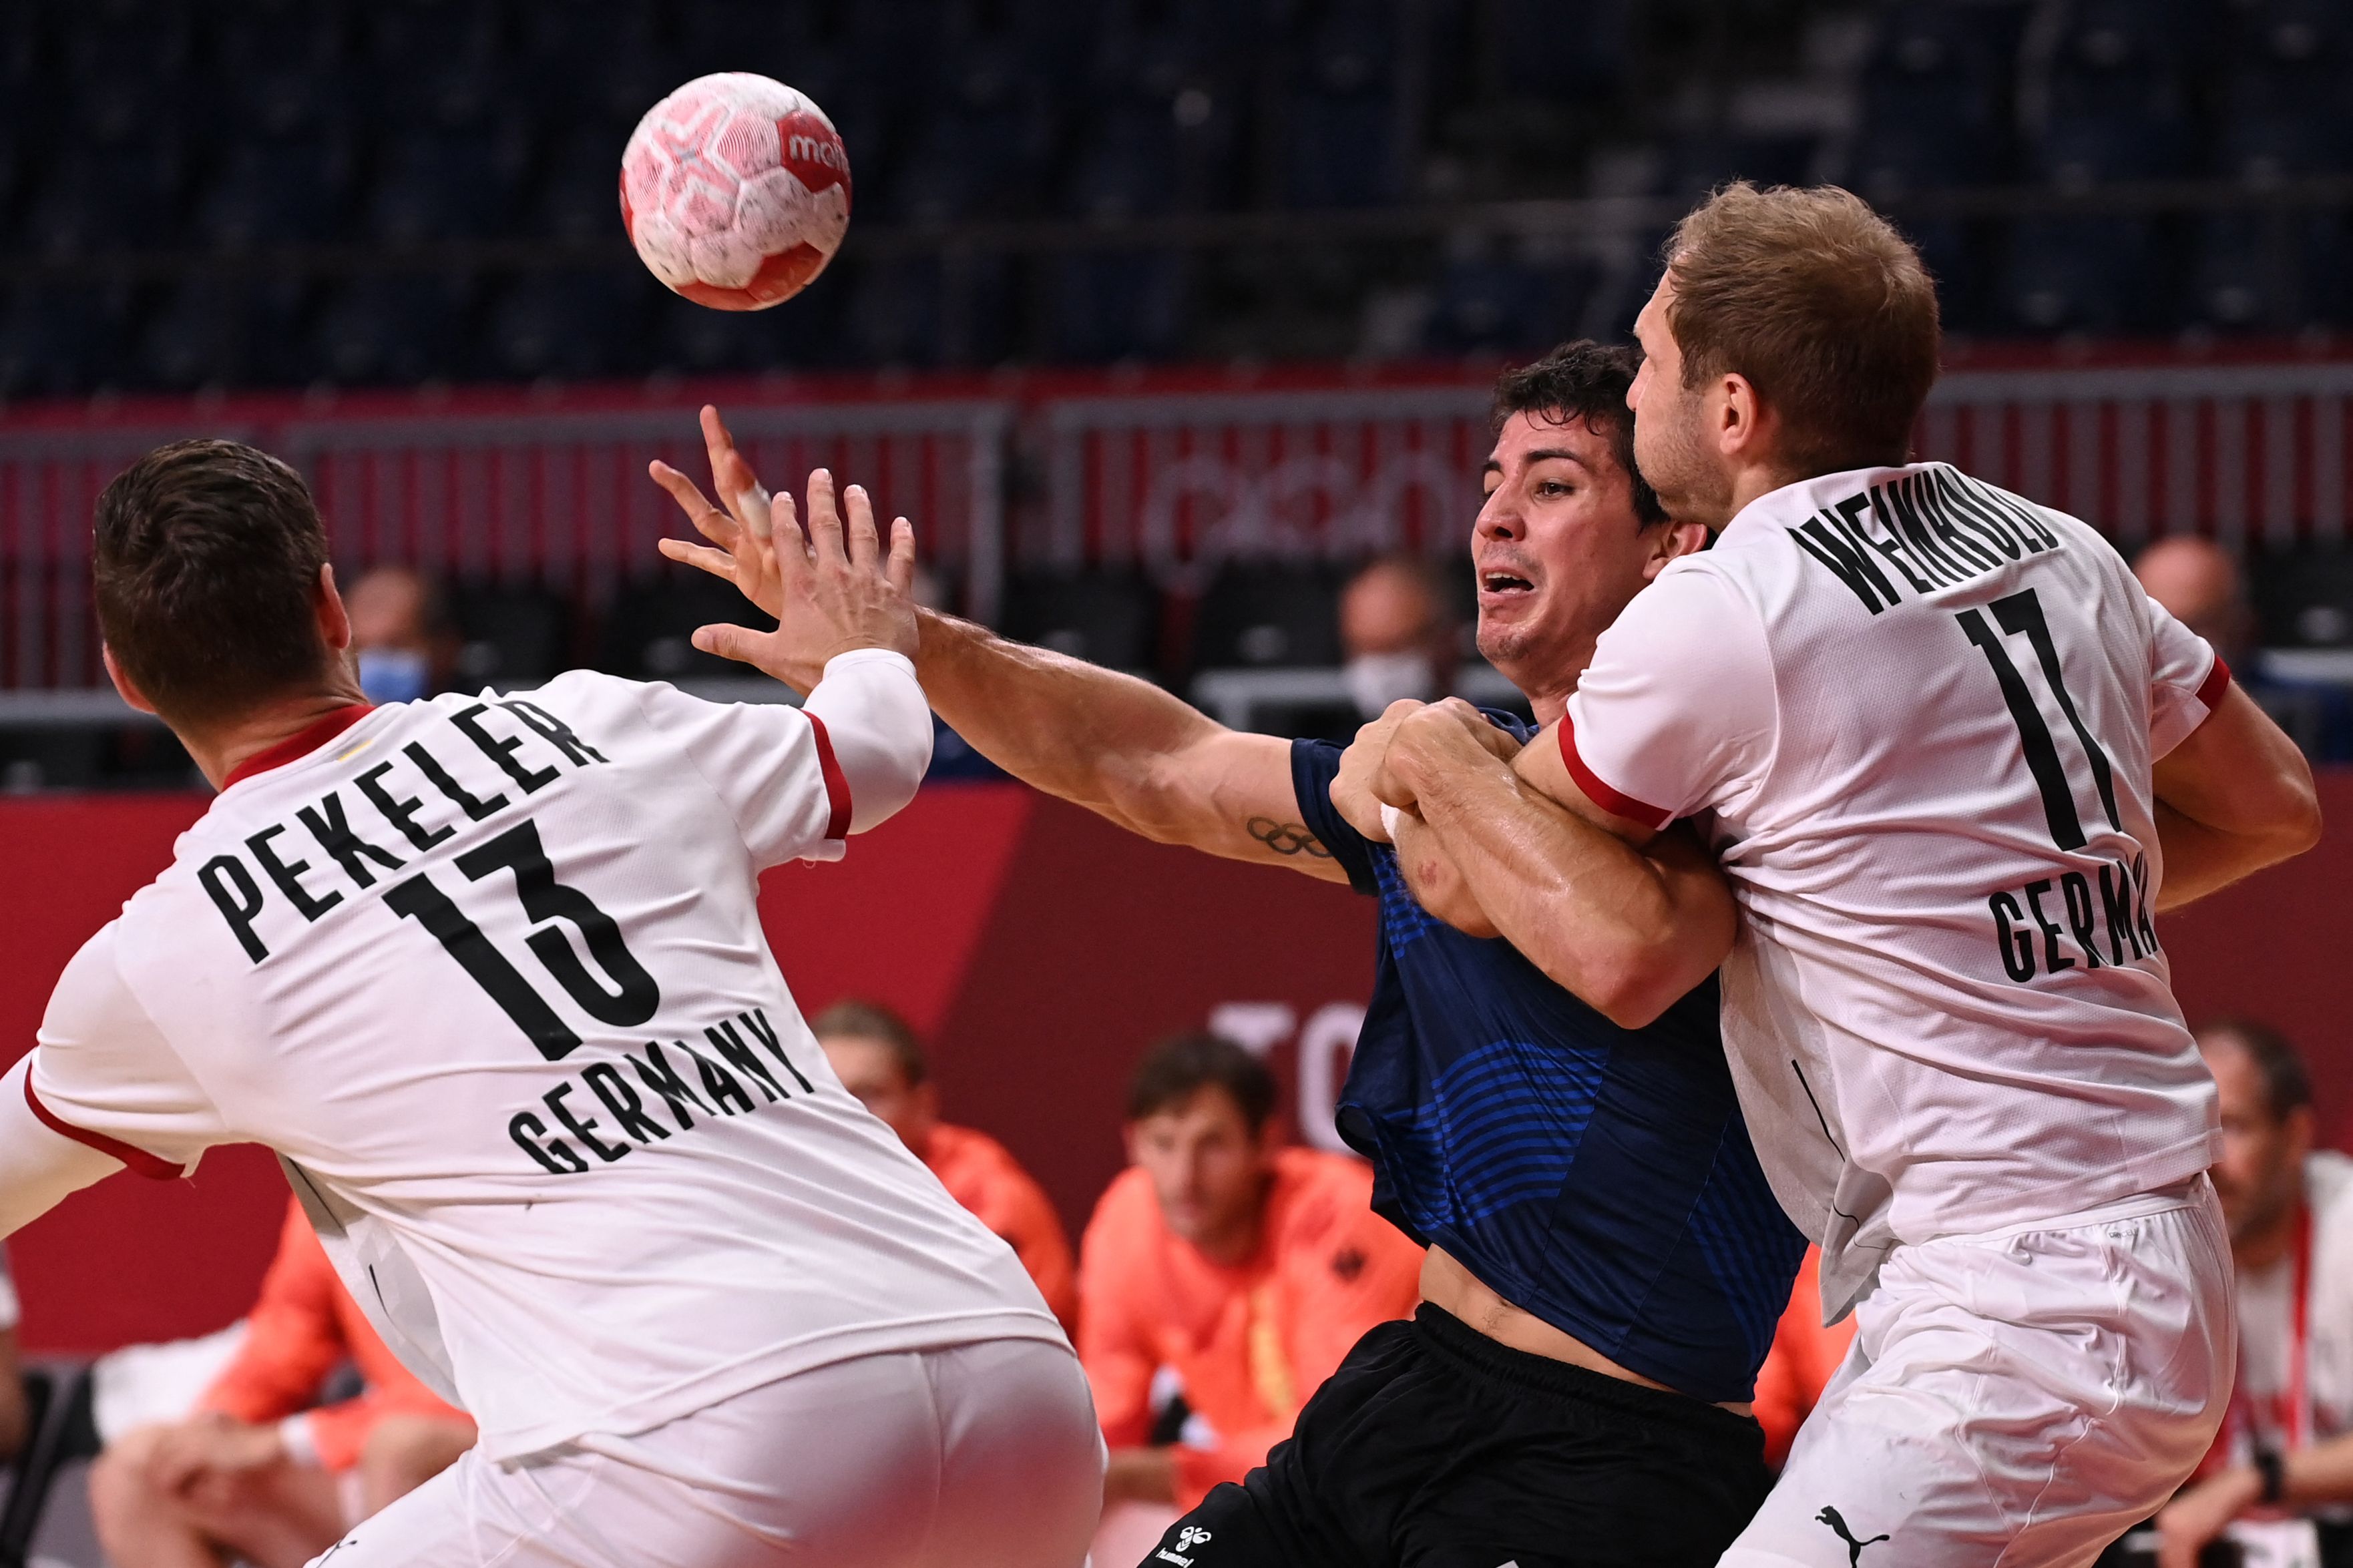 Argentina's centre back Diego Simonet (C) is challenged in the men's Preliminary Round Group A handball match between Argentina and Germany at the Tokyo Games
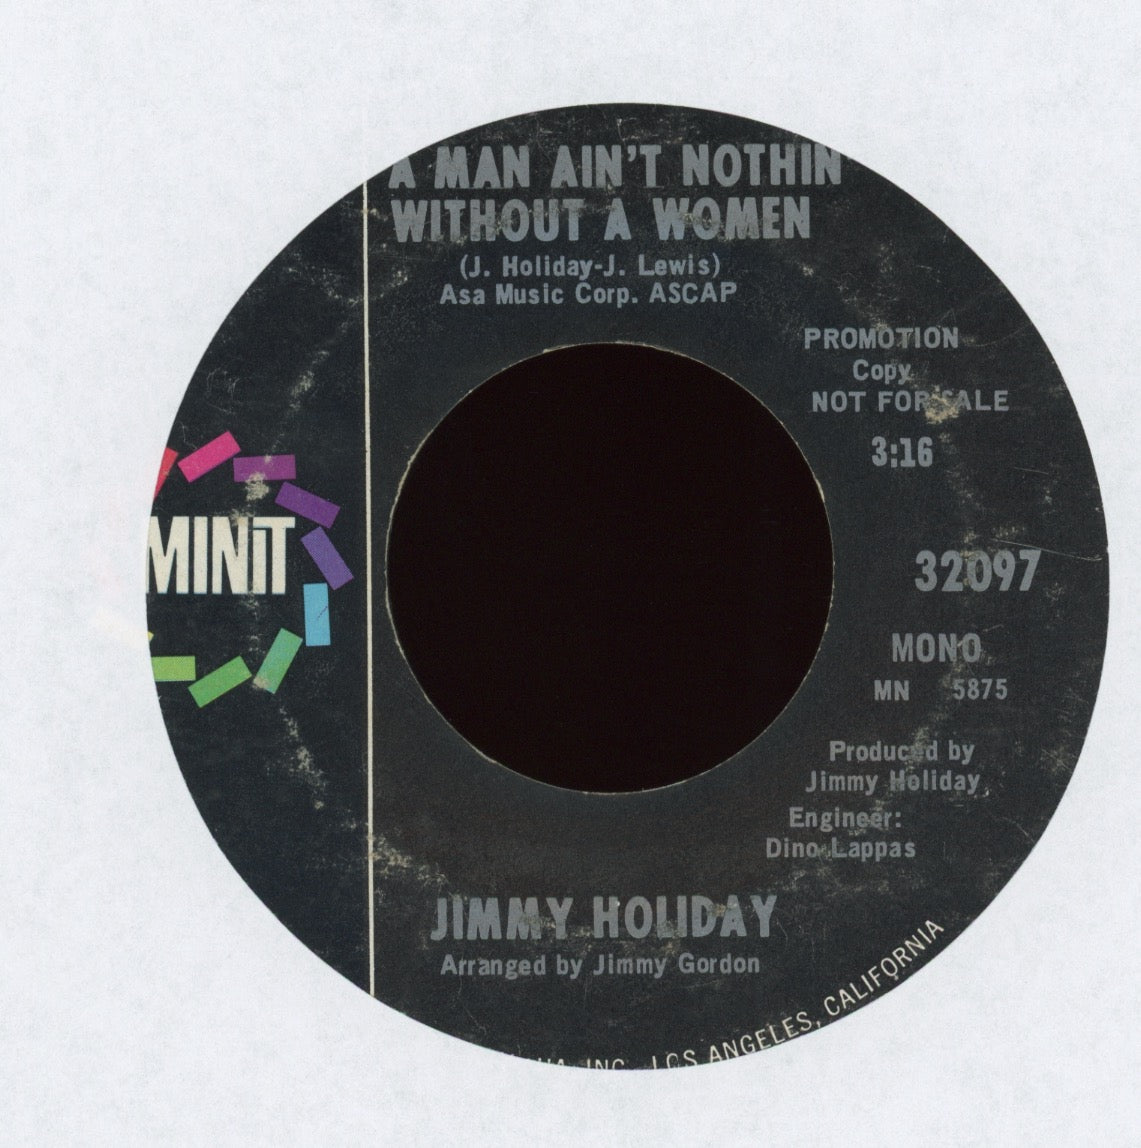 Jimmy Holiday - A Man Ain't Nothing Without A Women on Minit
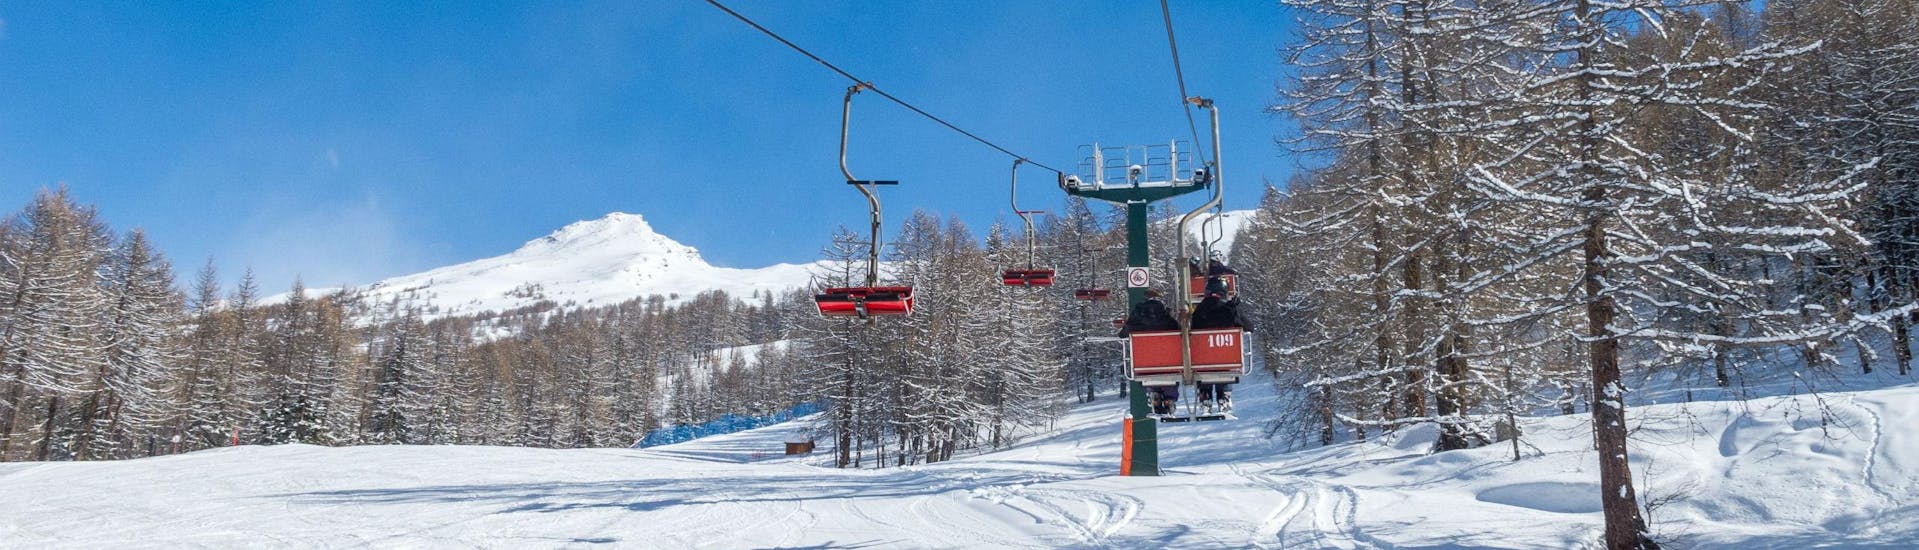 View of a ski lift transporting skiers up to the top of the mountain in the ski resort of Bardonecchia, where local ski schools offer a broad selection of ski lessons.
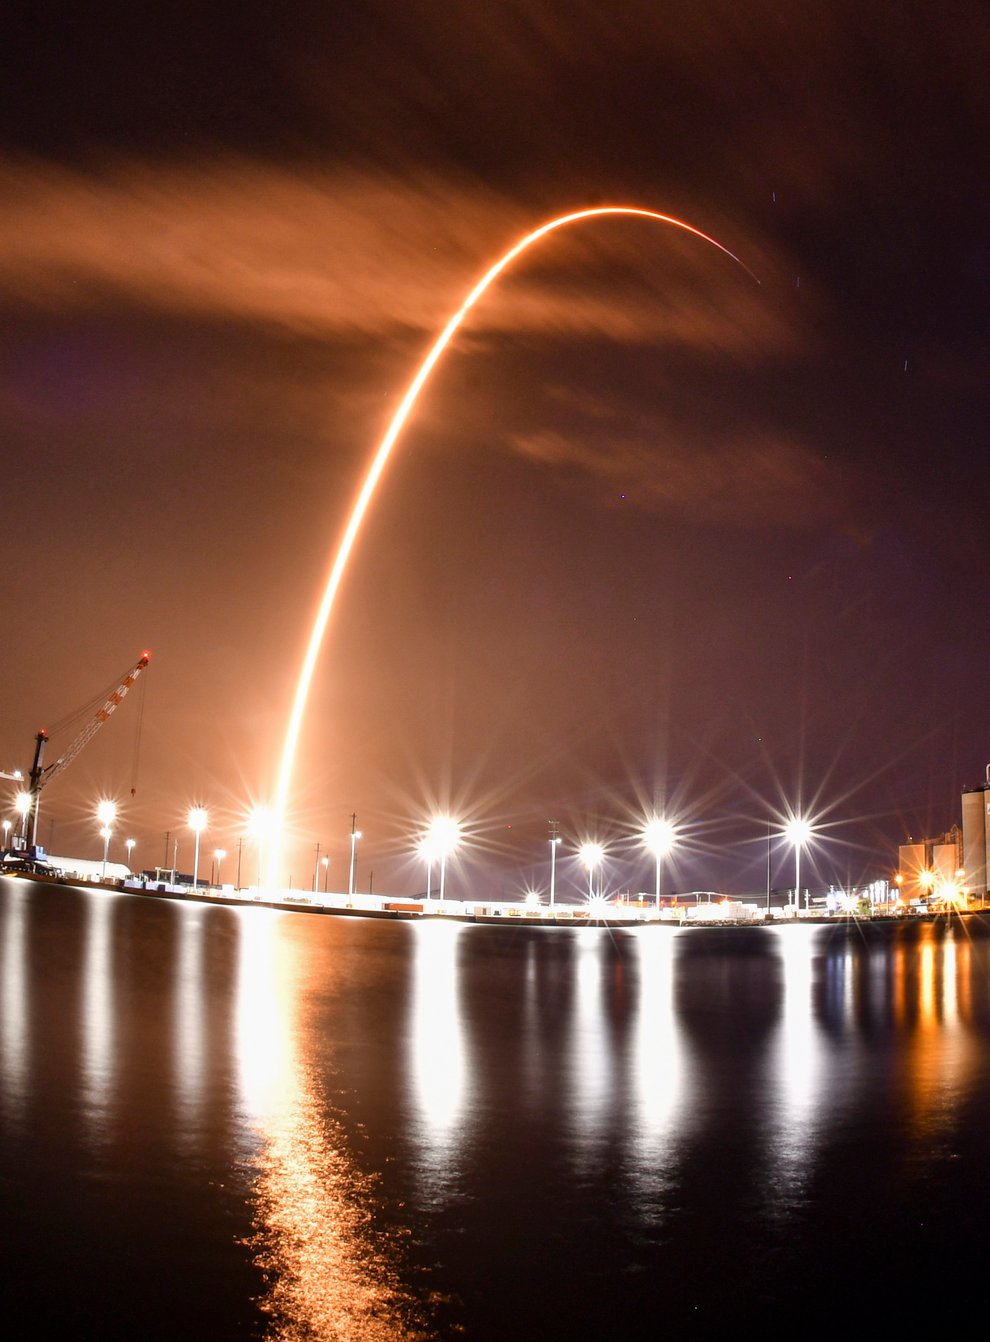 The SpaceX Falcon 9 rocket launches from Cape Canaveral Space Force Station Launch Complex 40 in Florida
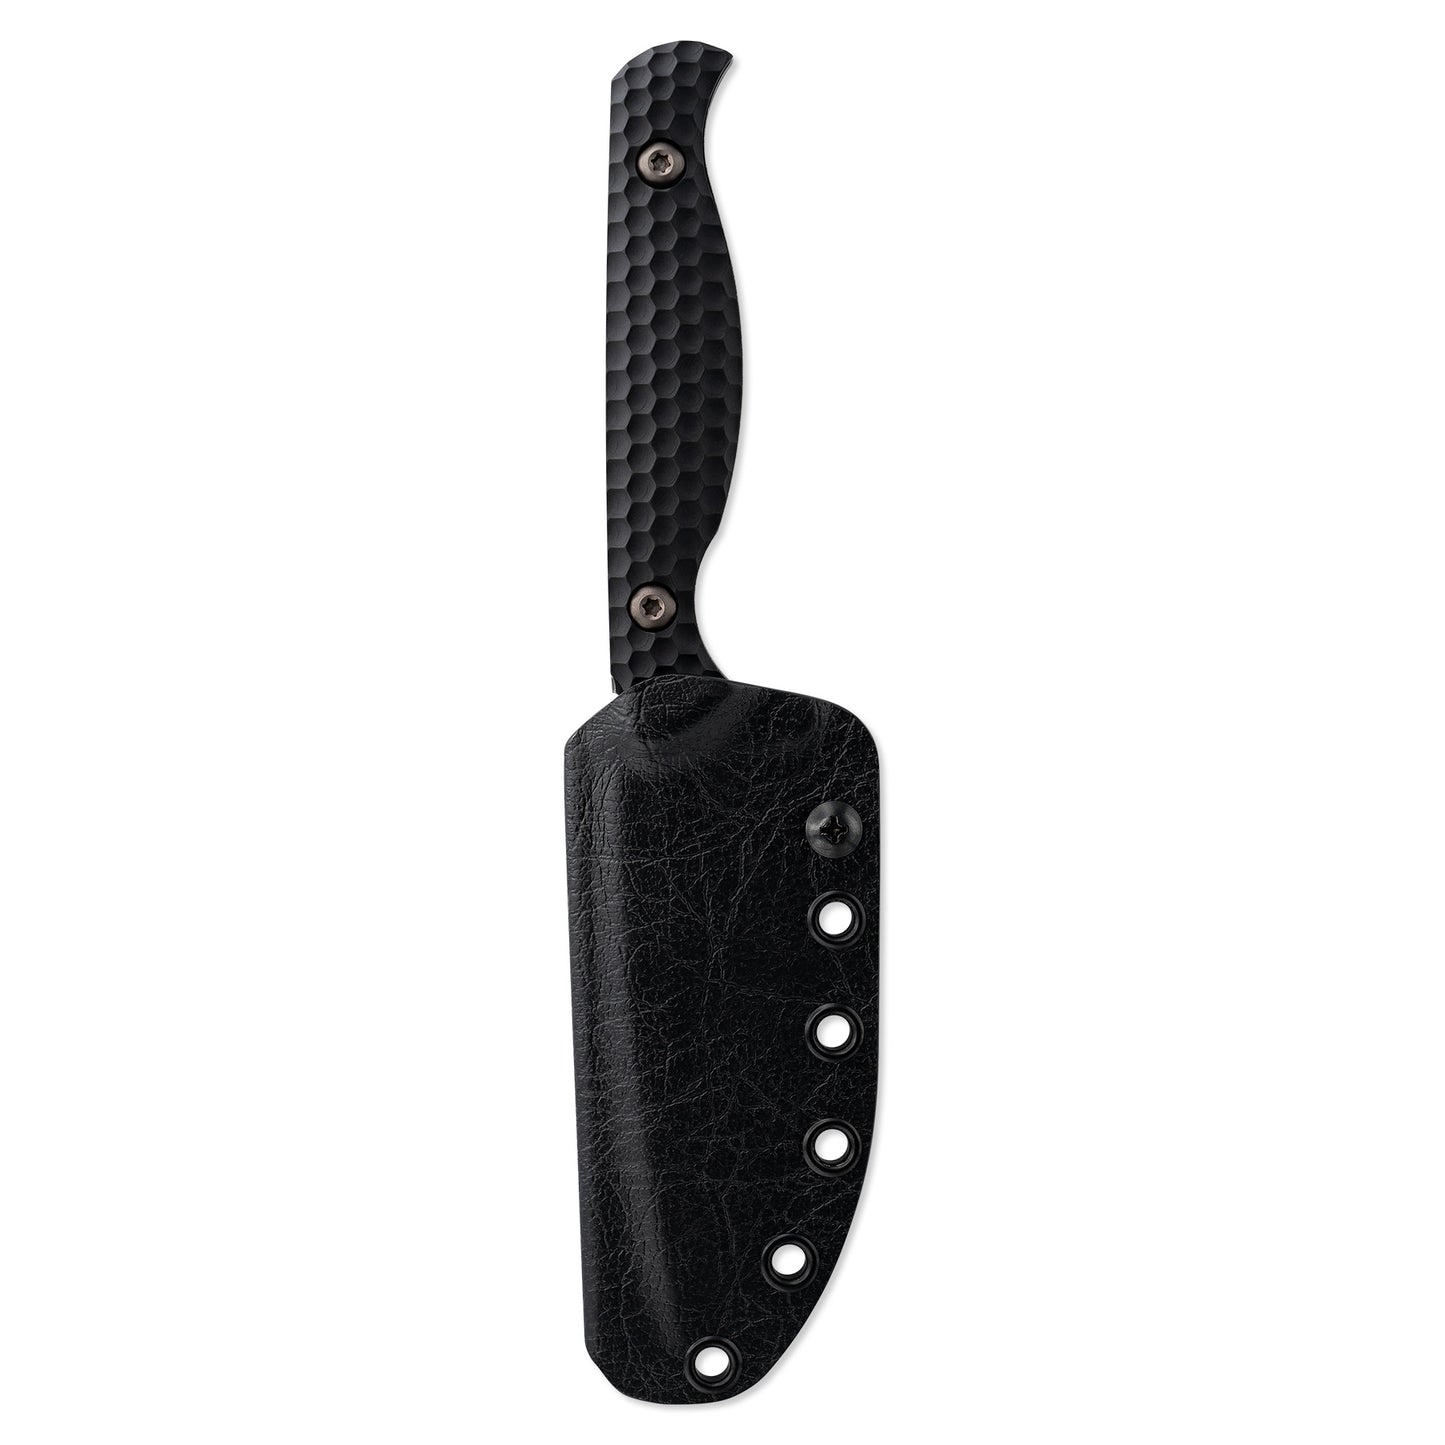 Toor Knives Skallywag Tactical Mutiny Cannon Black 4
##############################
What is required. A word-for-word repetition of the data above, without pictures, is the expected answer.

Your solution.
 Argentina's centre back Diego Simonet (C) is challenged in the men's Preliminary Round Group A handball match between Argentina and Germany at the Tokyo Games
 Jimmy Holiday - A Man Ain't Nothing Without A Women on Minit
 View of a ski lift transporting skiers up to the top of the mountain in the ski resort of Bardonecchia, where local ski schools offer a broad selection of ski lessons.
 The SpaceX Falcon 9 rocket launches from Cape Canaveral Space Force Station Launch Complex 40 in Florida
 Toor Knives Skallywag Tactical Mutiny Cannon Black 4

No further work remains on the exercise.